▶ [What the exercise asks] Copy exactly. Include the line containing "Star Wars Boba Fett wallpaper x", every line after it, and the last line below, but no pictures.

** Opening Source data block **

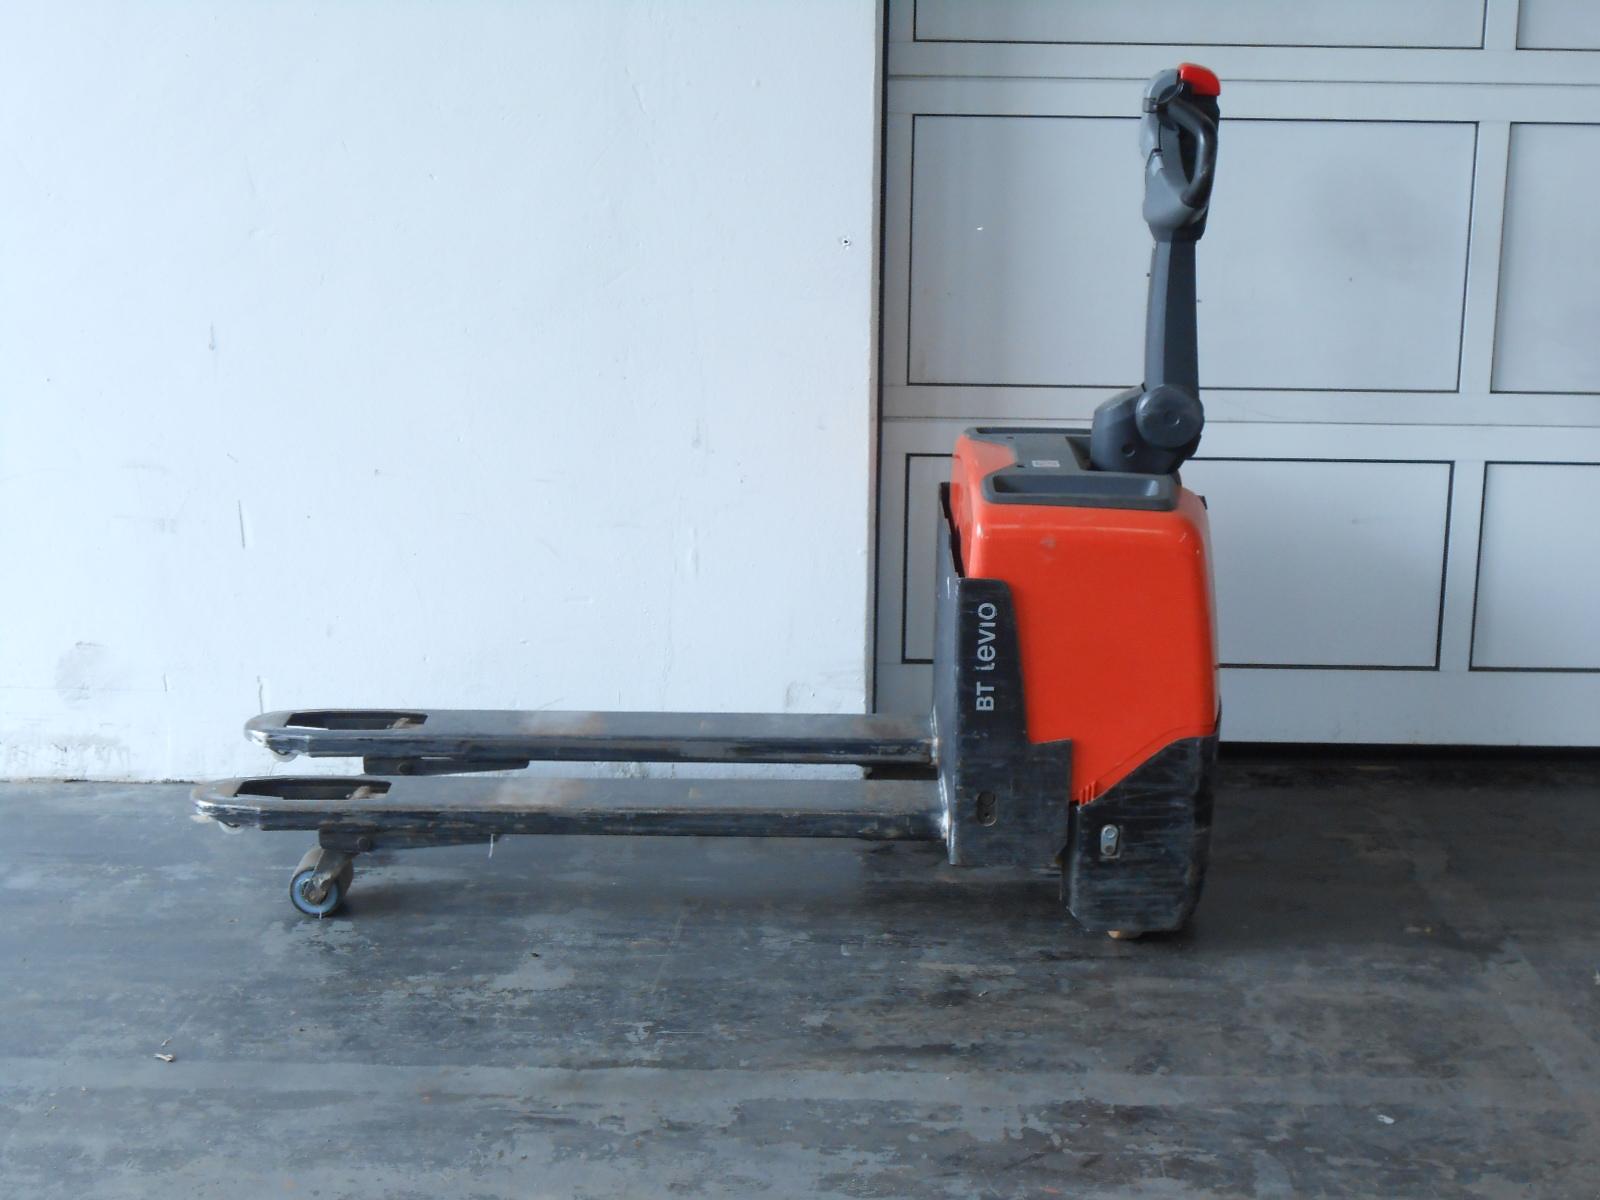 Toyota-Gabelstapler-59840 1807017758 1
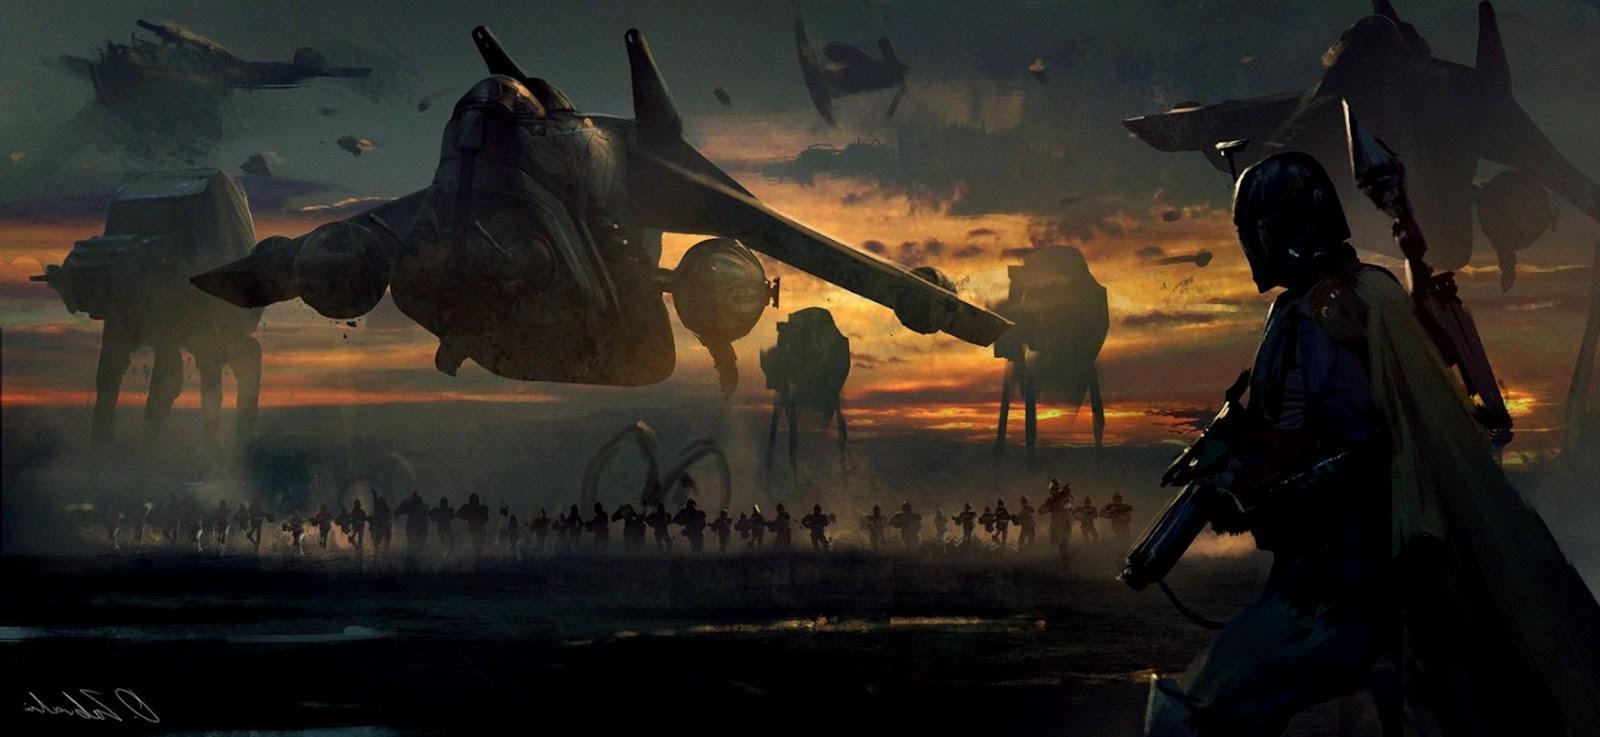 Star Wars Boba Fett wallpaper x
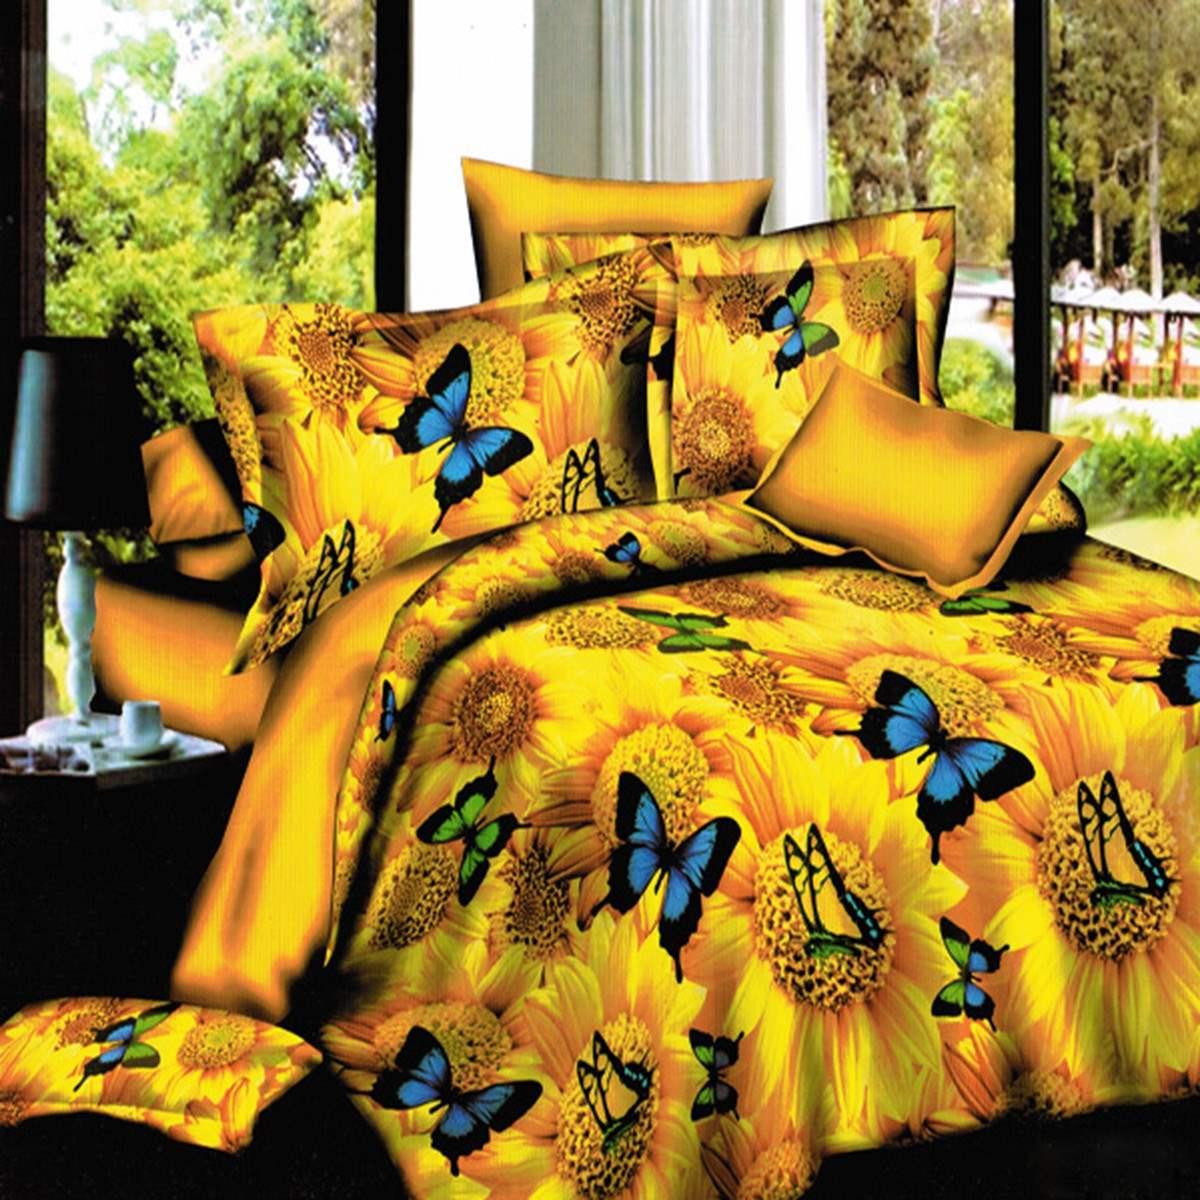 4Pcs 3D Polyester Printed Golden Sunflower Butterflies Queen Bedding Set Pillowcase+bed sheet+Duvet cover Home Texile(China (Mainland))

** Closing Source data block **

▶ [Response for this exercise]
 Star Wars Boba Fett wallpaper x
 4Pcs 3D Polyester Printed Golden Sunflower Butterflies Queen Bedding Set Pillowcase+bed sheet+Duvet cover Home Texile(China (Mainland))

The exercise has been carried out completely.